Denote the classical sum of divisors of the positive integer $x$ by $\sigma(x)=\sigma_1(x)$.
Here is my initial question:
If $p$ is a prime number and $k$ is a positive integer, is it true that $$\sigma_1(p^k) > 1 + k (\sqrt{p})^{1+k}?$$
MY ATTEMPT
I dimly recall having been able to prove this assertion last February $6$, $2011$ using the Arithmetic Mean-Geometric Mean Inequality.

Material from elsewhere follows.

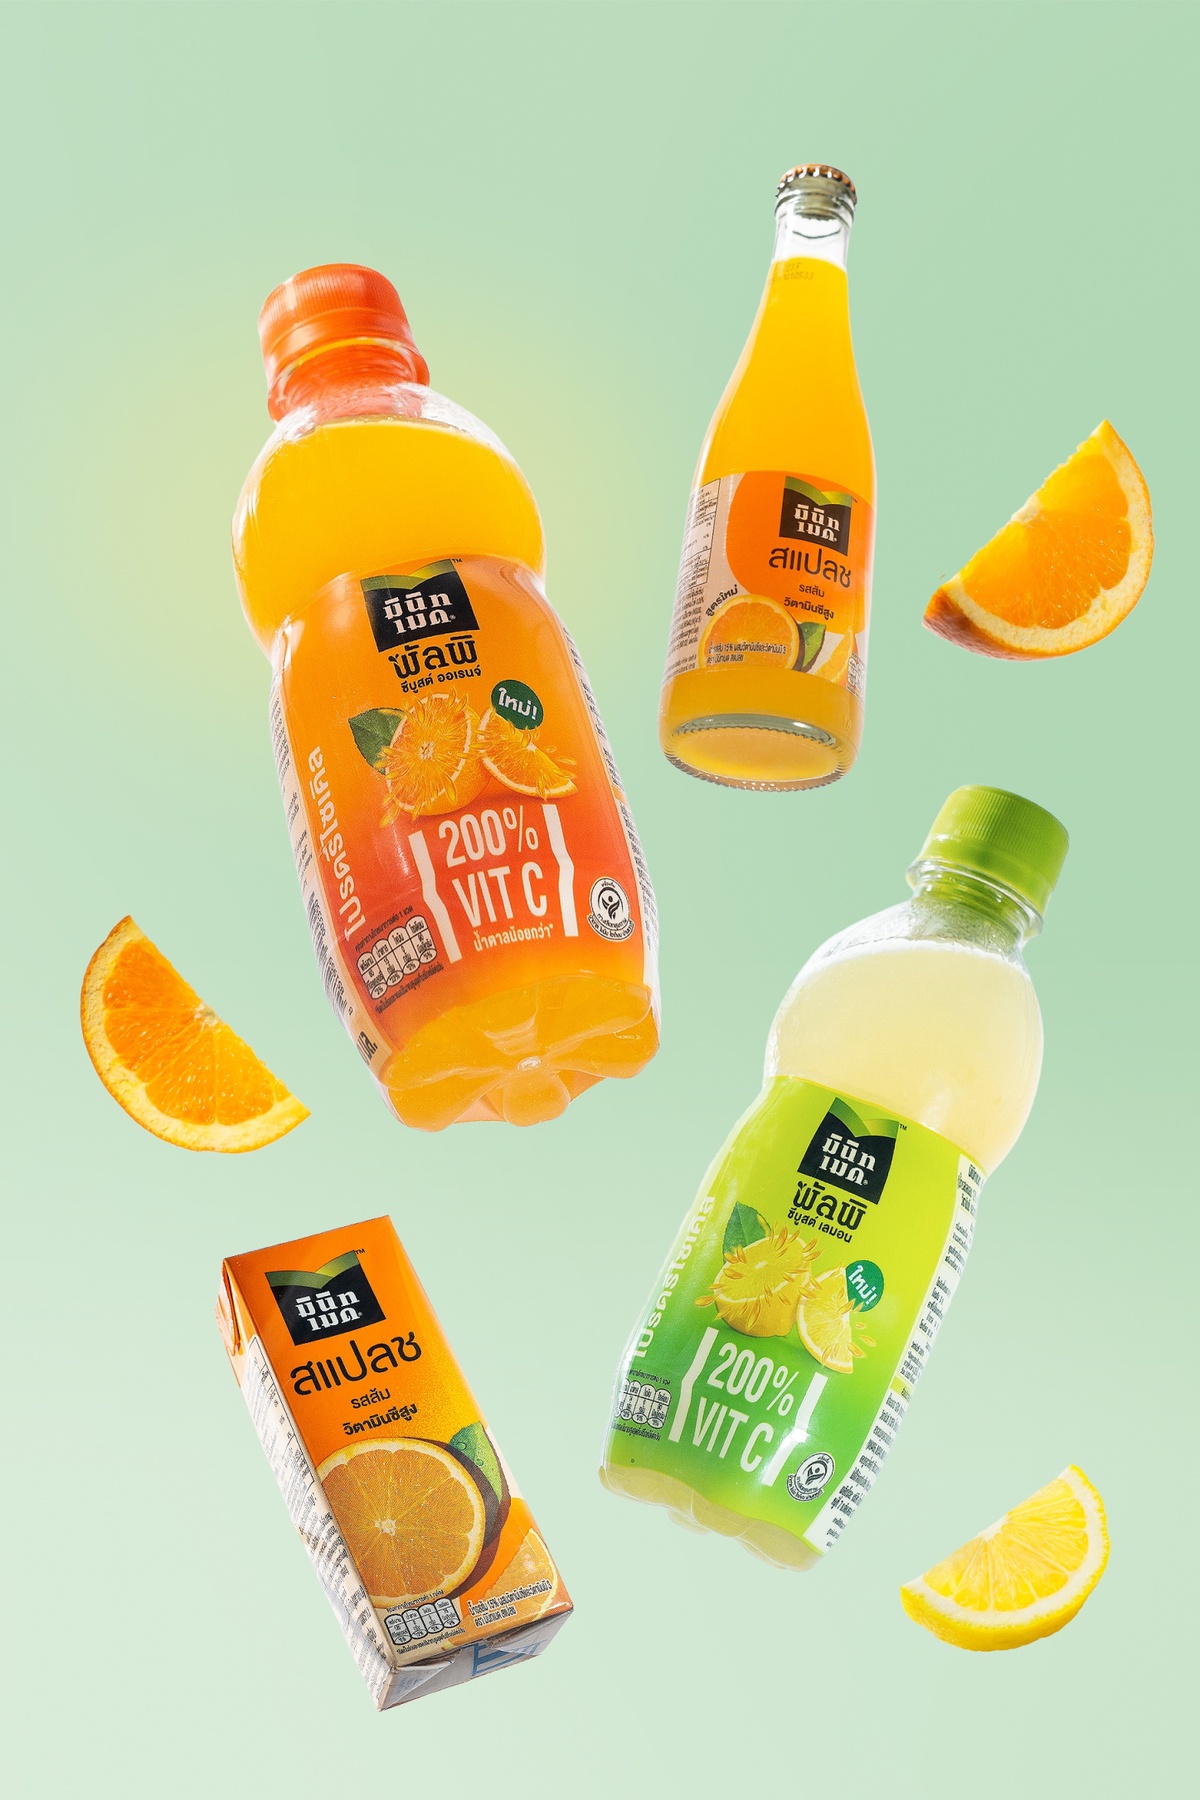 'Coca-Cola' forays into vitamin drinks market with new 'Minute Maid Pulpy' C-Boost, delighting juice lovers with 200% more vitamin C and real fruit
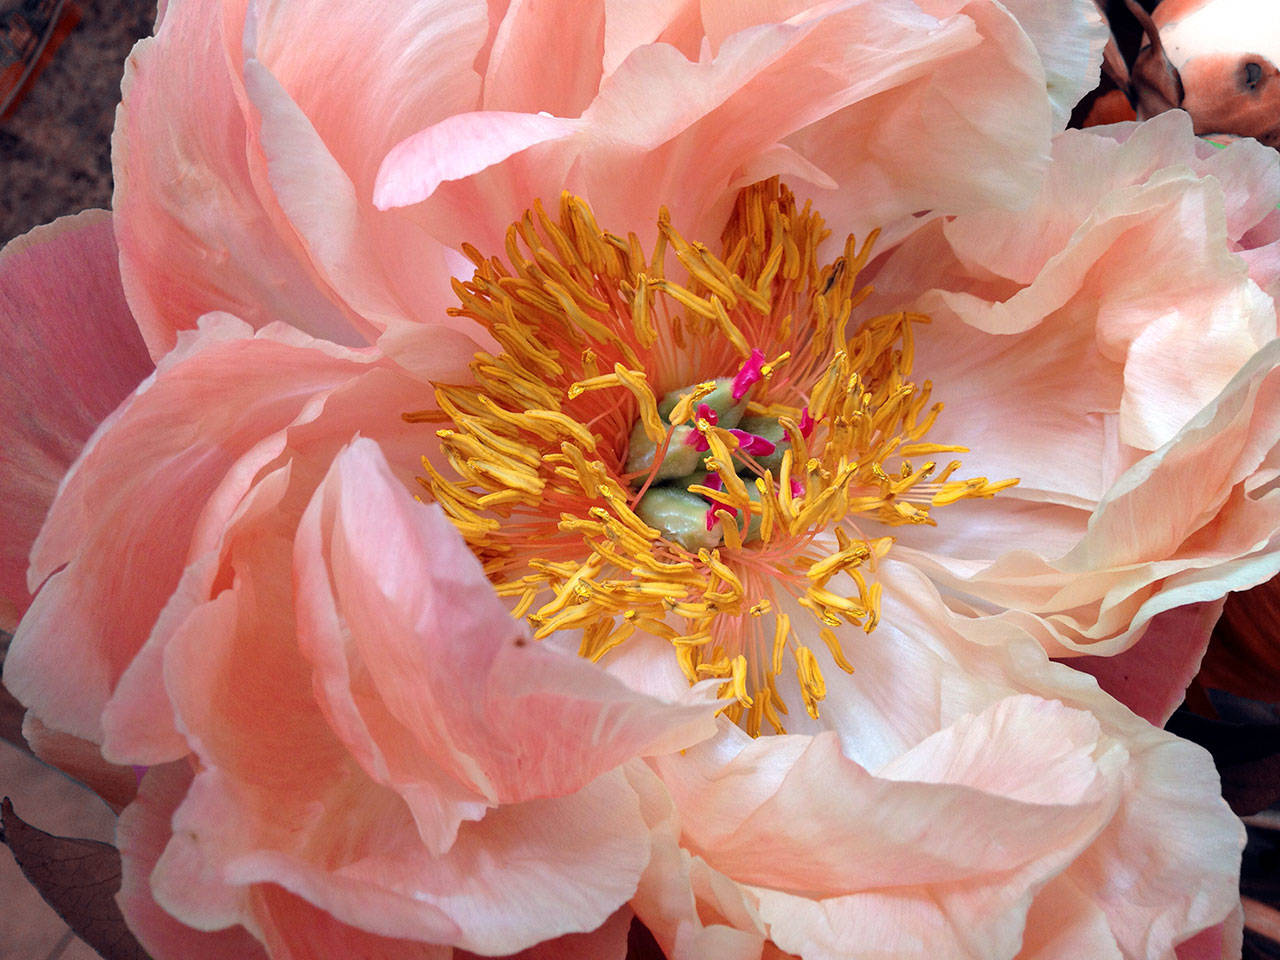 Learn about peony varieties and their care with Jean Pier at the Work to Learn Party in the Sequim Botanical Garden on Saturday. (Renne Emiko Brock)

Indeed, we have
$$\sigma_1(p^k) = \sum_{j=0}^{k}{p^j} > (k+1) \cdot \Bigg(\prod_{j=0}^{k}{p^j}\Bigg)^{\frac{1}{k+1}} = (k + 1) \cdot \Bigg(p^{\displaystyle\sum_{j=0}^{k+1}{j}}\Bigg)^{\frac{1}{k+1}}$$ $$= (k + 1) \cdot \Bigg(p^{\displaystyle\frac{k(k+1)}{2}}\Bigg)^{\frac{1}{k+1}} = (k + 1) \cdot p^{\frac{k}{2}} = (k + 1) \cdot (\sqrt{p})^k,$$
which is weaker than
$$\sigma_1(p^k) > 1 + k (\sqrt{p})^{1+k},$$
as this WolframAlpha computational verification shows.

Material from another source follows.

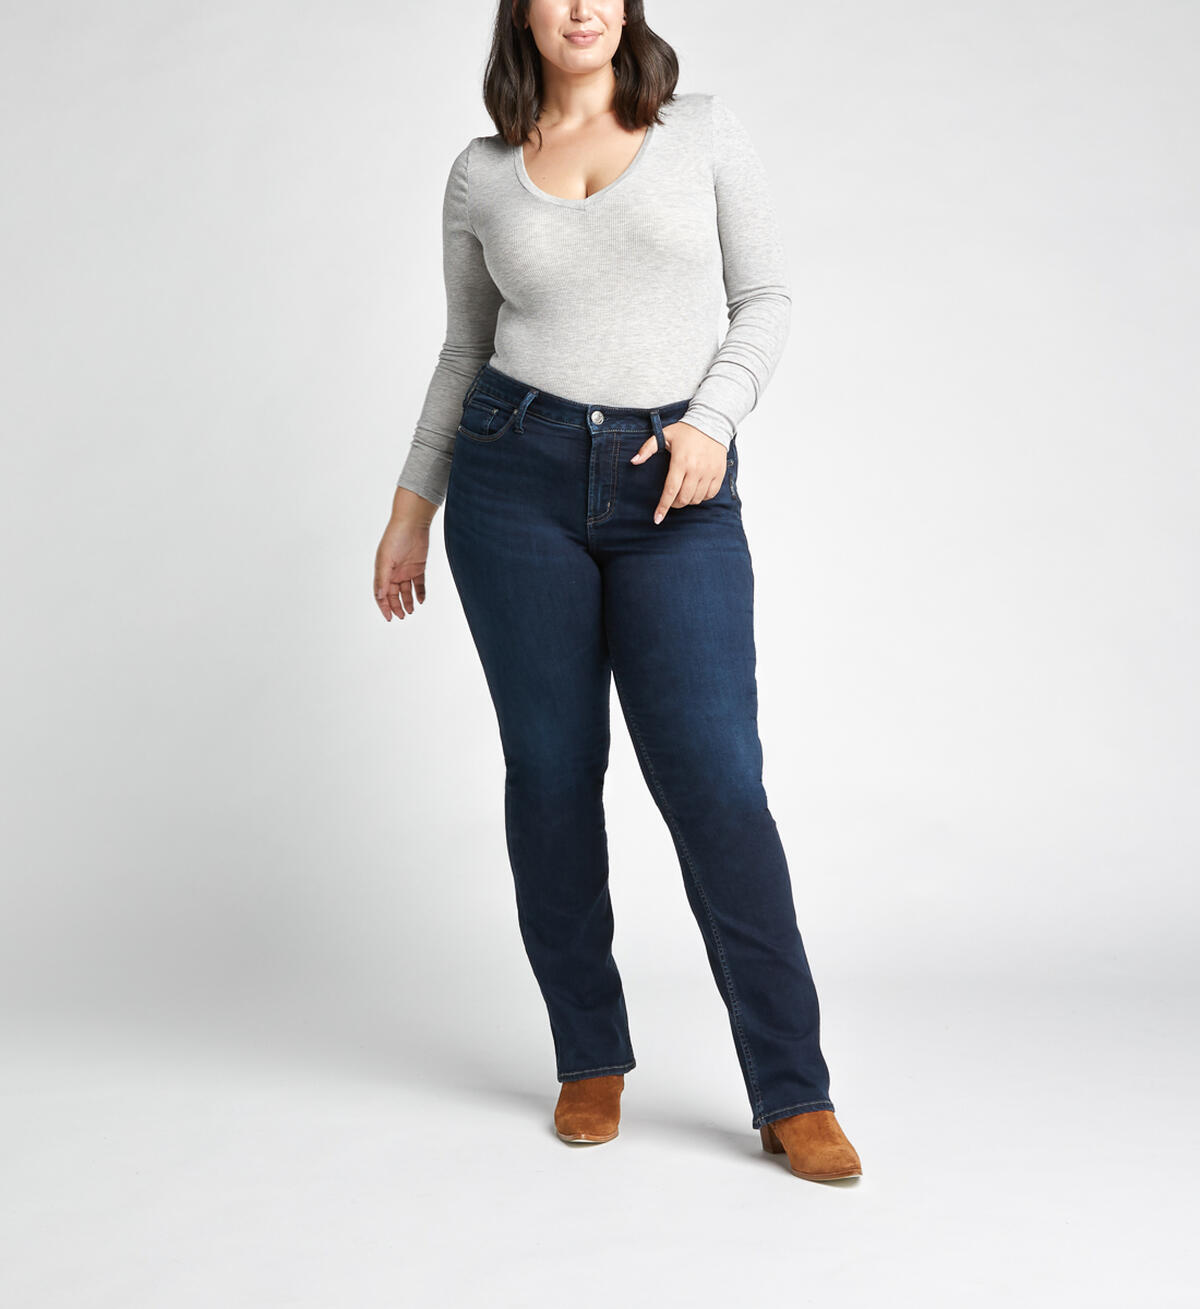 Avery High Rise Slim Bootcut Jeans Plus Size, Indigo, hi-res image number 0

Alas, I have already forgotten the proof. I think I did it by considering
$$\sigma_1(p^k) = 1 + \sum_{j=1}^{k}{p^j}$$
and then applying the Arithmetic Mean-Geometric Mean Inequality to
$$\sum_{j=1}^{k}{p^j}.$$
I obtain
$$\sum_{j=1}^{k}{p^j} > k \cdot \Bigg(\prod_{j=1}^{k}{p^j}\Bigg)^{\frac{1}{k}}$$ $$= k \cdot \Bigg(p^{\displaystyle\sum_{j=1}^{k}{j}}\Bigg)^{\frac{1}{k}}$$ $$= k \cdot \Bigg(p^{\displaystyle\frac{k(k+1)}{2}}\Bigg)^{\frac{1}{k}}$$ $$= k \cdot (\sqrt{p})^{k+1}.$$
Thus, we have
$$\sigma_1(p^k) > 1 + k \cdot (\sqrt{p})^{1+k},$$
as desired.
However, this seems to result in a contradiction when $k=1$, as $$\sigma_1(p^k) = \sigma_1(p^1) = \sigma_1(p) = p + 1 \not\gt 1 + 1 \cdot (\sqrt{p})^{1+1} = 1 + k \cdot (\sqrt{p})^{1+k}.$$
Here is my final question:
Where is the error in the proof?
The correct inequality to consider is
$$\sigma_1(p^k) \geq 1 + k (\sqrt{p})^{1+k} \tag{1}$$
rather than
$$\sigma_1(p^k) > 1 + k (\sqrt{p})^{1+k}, \tag{2}$$
as Inequality $(1)$ "fixes" the contradiction at $k=1$, while still retaining the "gist" of Inequality $(2)$.